Work task:
Beginning with the line that has "Lily, the first" and ending with the line that has "Leather ankle boots B042 - CAMEL", retype the entries below exactly, except for the pictures.

Material for this task:
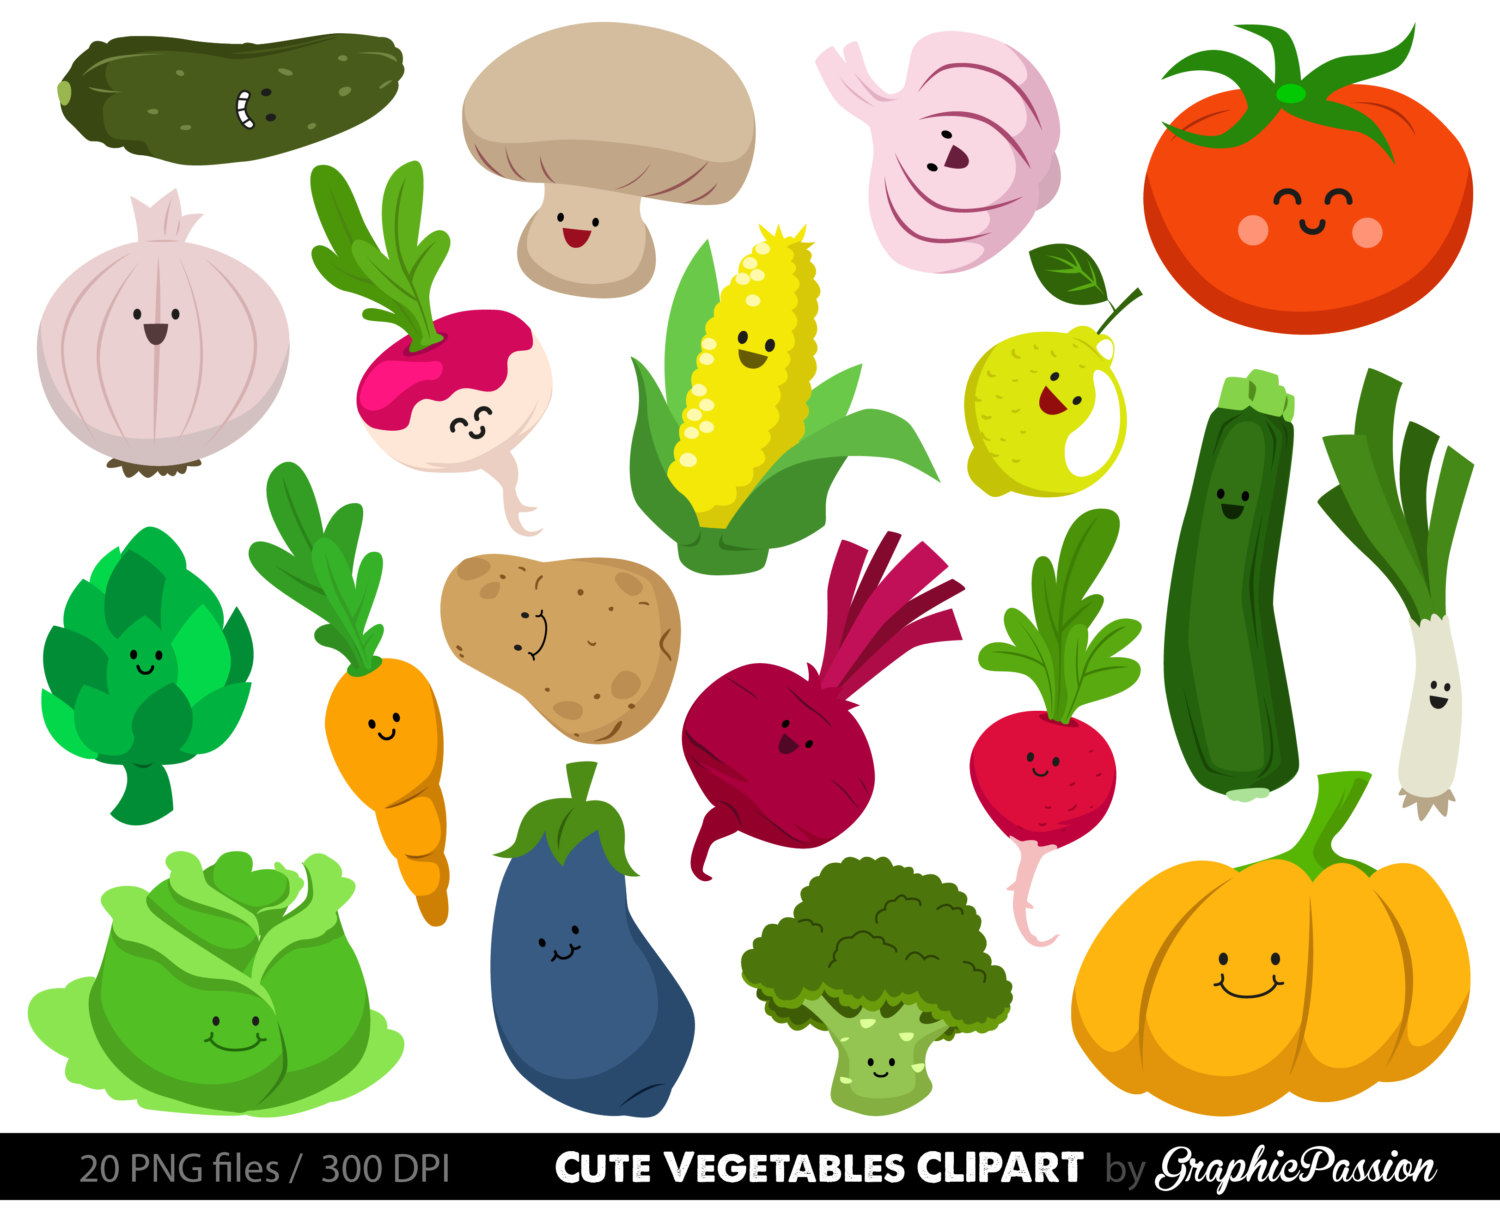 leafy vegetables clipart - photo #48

--

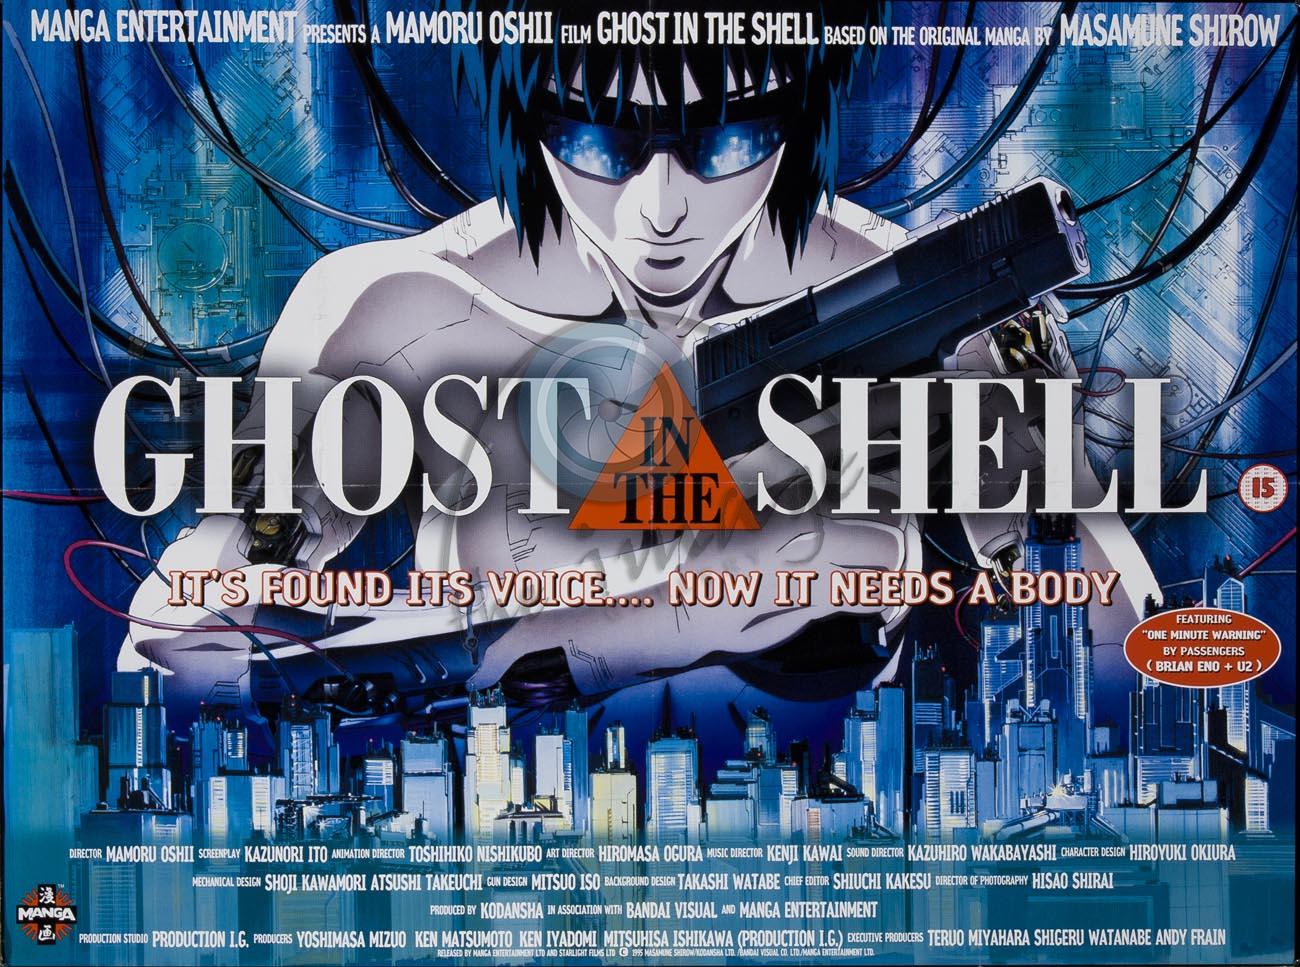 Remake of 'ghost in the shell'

--

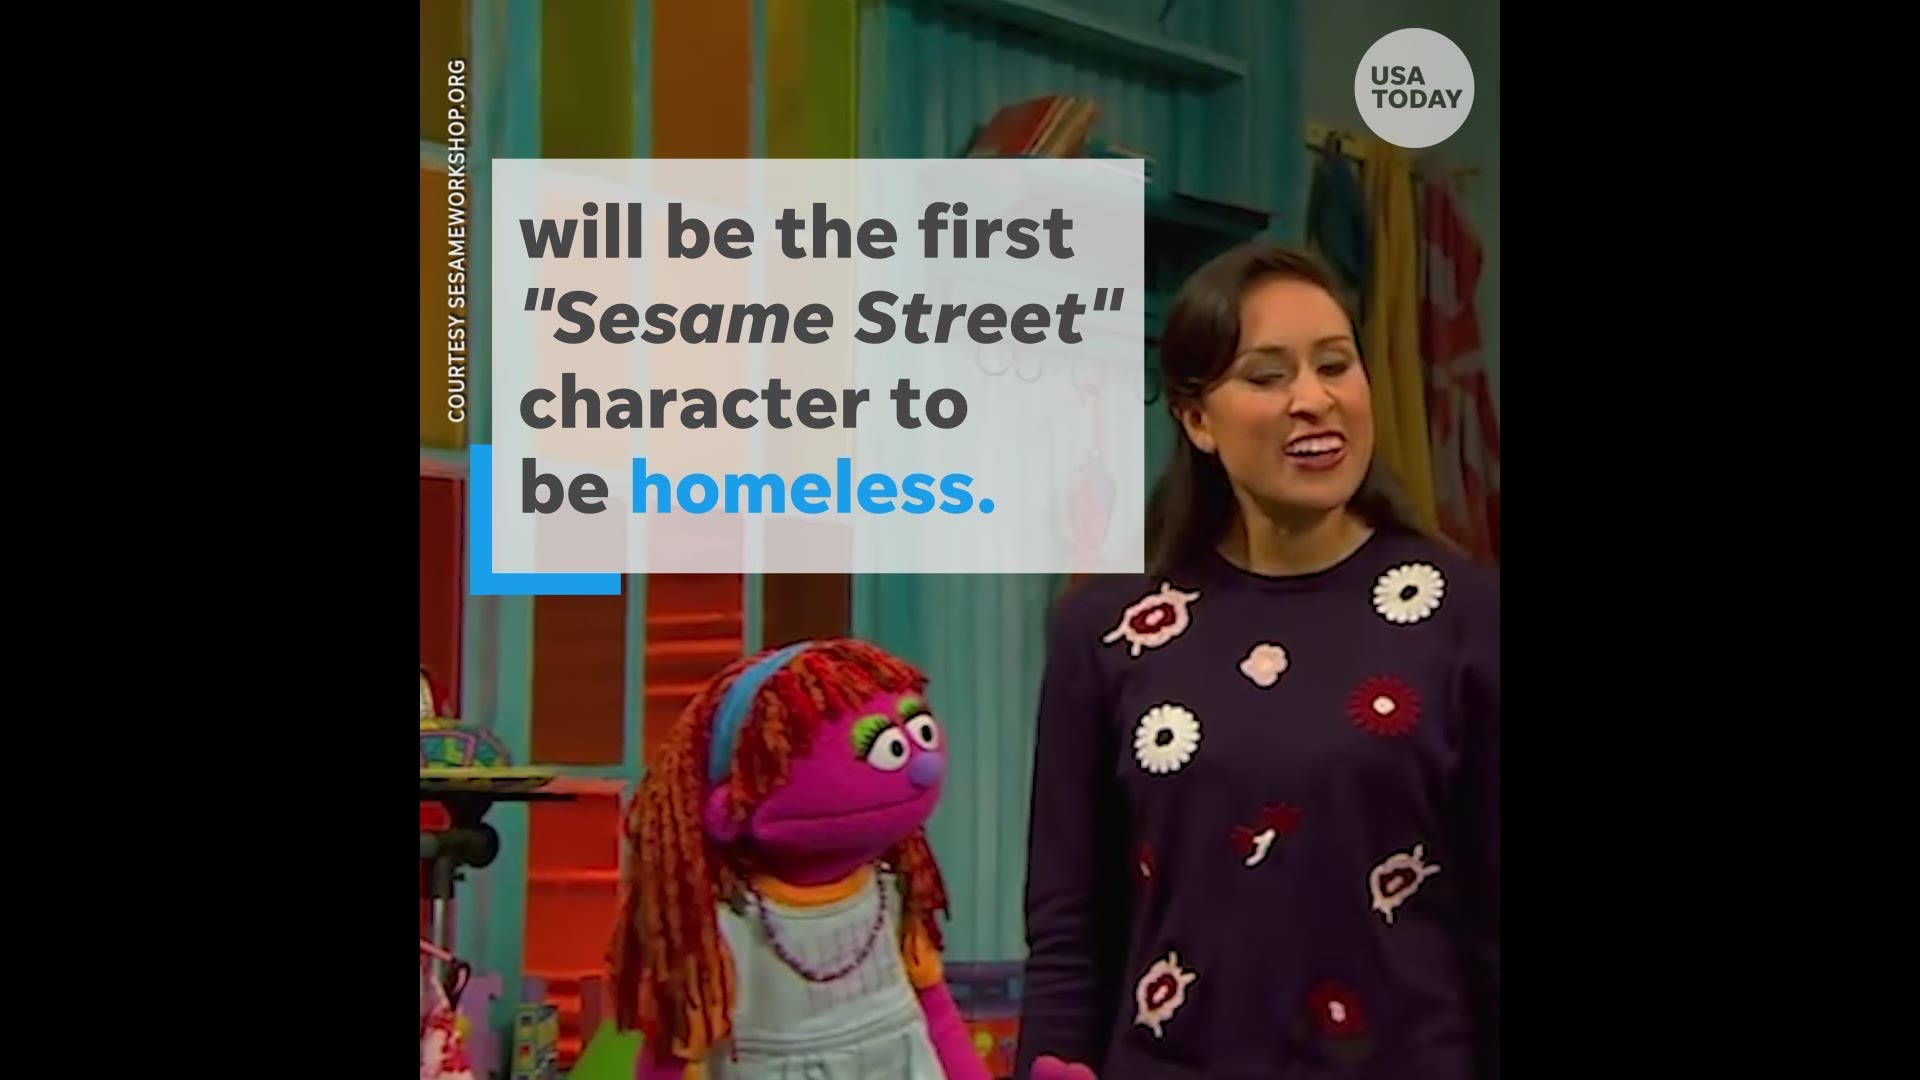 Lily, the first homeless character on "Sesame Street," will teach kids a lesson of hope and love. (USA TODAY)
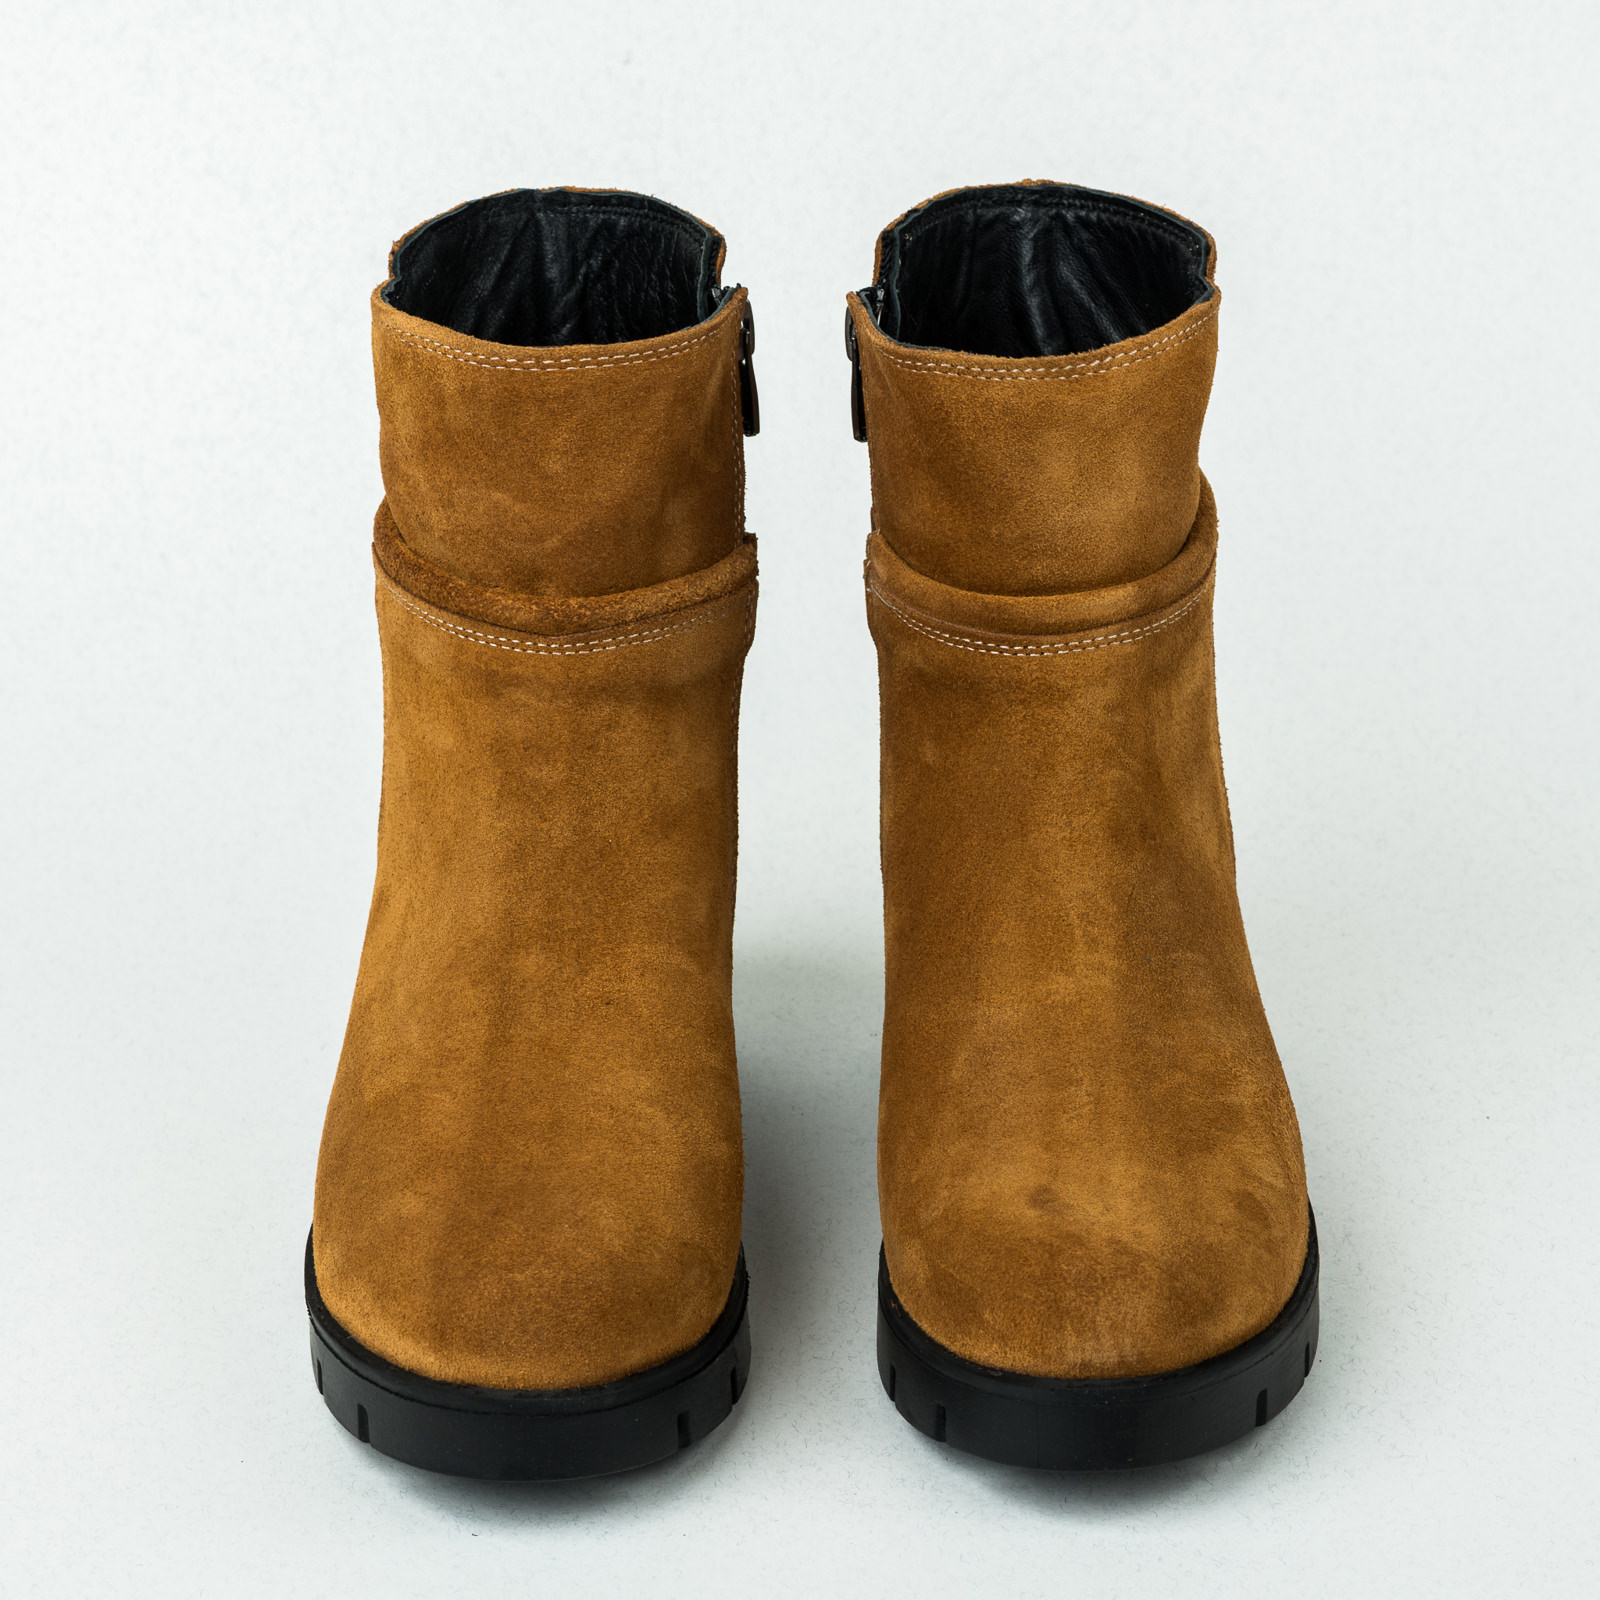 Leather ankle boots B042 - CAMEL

Written solution:
 Lily, the first homeless character on "Sesame Street," will teach kids a lesson of hope and love. (USA TODAY)
 Leather ankle boots B042 - CAMEL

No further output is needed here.